4.     If possible, use this time as a chance to spend one on one time with your child. I realize this is not possible for everyone. But if you have the ability to spend time with your child either before or after a session, it’s a great opportunity. Many children, especially those in large families, do not get to spend alone time with a parent. This kind of dedicated attention is so good for them to experience. You might be shocked how they will open up to you or just have fun with you if they have you to themselves. At one point, two of my children were doing therapy with the same therapist. So I would book their appointments back to back. While one was in therapy, I would walk the other down the street to a coffee shop or small restaurant. We would hang out for about 45 minutes while their sibling was in therapy. It was a sweet time, and it worked with our schedule. Building in something like this to look forward to can also be really helpful for the child who is less enthusiastic about therapy.
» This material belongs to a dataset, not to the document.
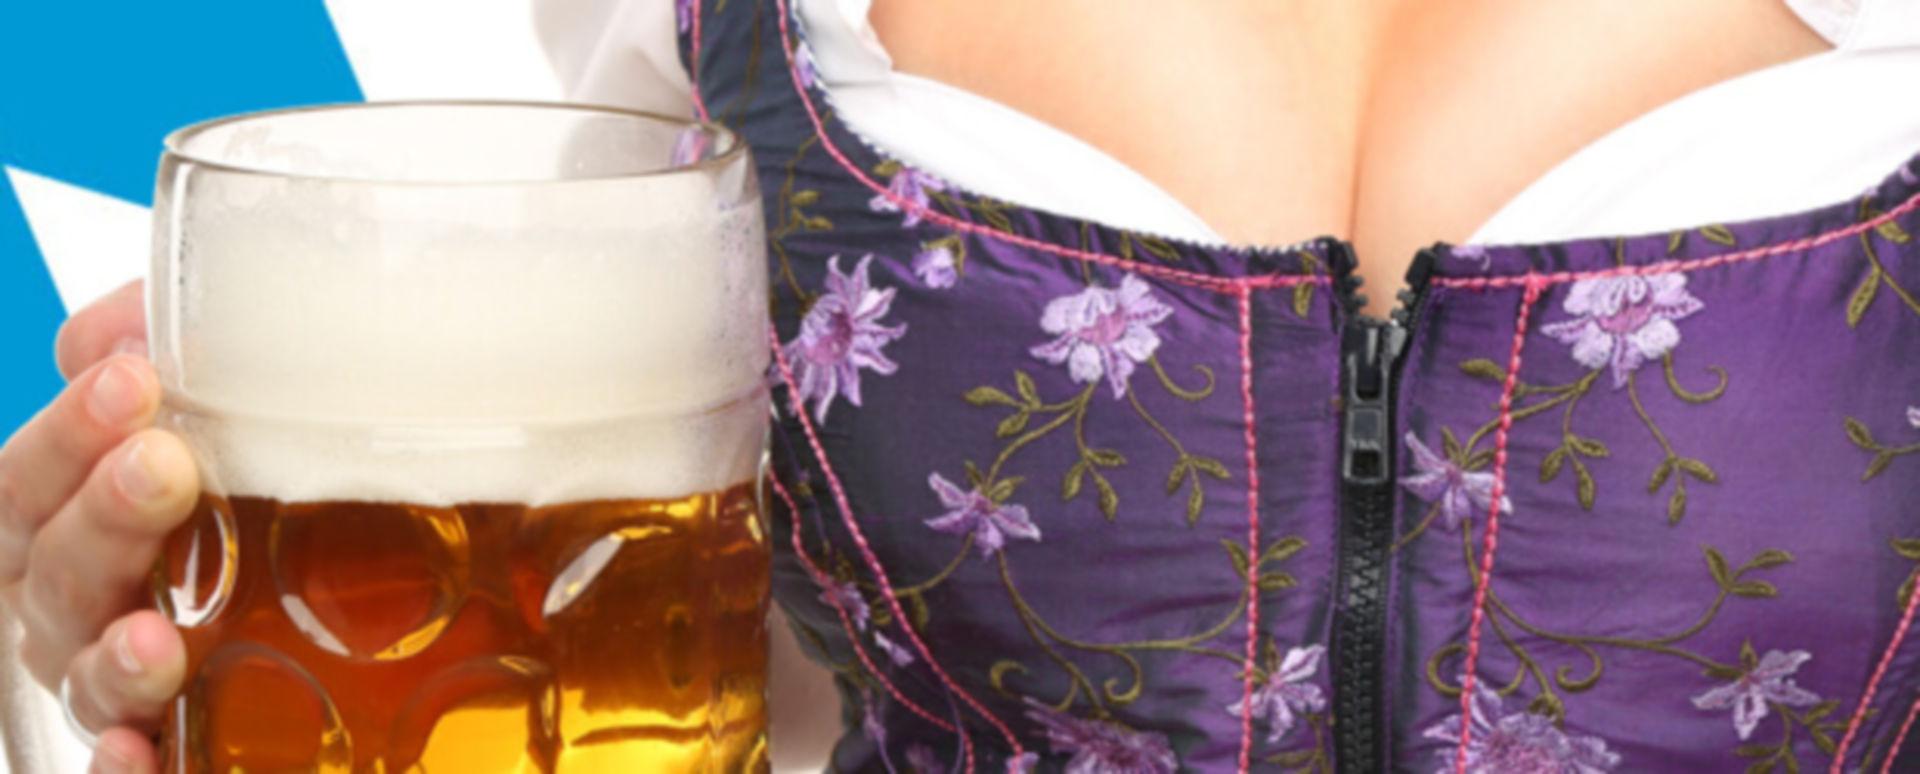 Brust bier östrogen Expander: Vergrößert

5.     Give the therapist appropriate trust. As a parent, you know so much about your child’s life. You are the expert. This makes it very tempting to want to tell the therapist what to do in therapy. Many parents come in with an idea of what they want to happen and expect the therapist to just get on board. Therapists want to know what your goals are for your child and love to hear your input. But, the therapist takes on a very different role than the parent. The therapist does not usually just align with the parent to be another “authority figure” giving the child directions. That is not what they are trained to do, and the therapeutic relationship with the child would be harmed if that is how they operated. Therapists work to build trust and relationships with the children they see. Therapists address the concerns of parents and work towards the goals they communicate, but their methods may not be familiar because they are using their professional training. It is so difficult to trust someone with your child. Nothing is more precious to you in the world. Do your research beforehand, ask a potential therapist all of the important questions you have, and choose a therapist that you feel you can truly trust. This will make the process go much more smoothly for everyone.

6.     Be willing to do the work on yourself. I saved what is perhaps the most important advice I can give for last. Parents so often see pain and struggle in their children and get them signed up for therapy. They love their kids and would do anything for them. They are willing to stretch their schedules and their finances and anything else to get their children the help that they need. It is such a beautiful thing. However, I often find that parents are not willing to do the same for themselves. They will put their own mental and emotional health on the back burner and take care of everyone else. This feels noble and self-sacrificial. The motives are pure, but this is bad for your child. Your child can get all the therapy in the world, but if they have unhealthy parents this will be constantly working against their progress. I once had a parent ask me to help their child stop having angry outbursts, but the parent was having those outbursts as well and not getting help. I have treated children for the grief of losing grandparents when the parent was drowning in grief and not getting help. I often see links between the child’s struggles and the parent’s behaviors or struggles. Family therapy can be a very effective tool in these cases. But it is so important that you realize that one of the most promising ways to help your child be healthy and thriving is to be healthy and thriving yourself. It is not selfish to take care of yourself. It is vital to the well-being of everyone around you, especially your children. Be willing to invest in yourself. It will pay off in dividends for your children.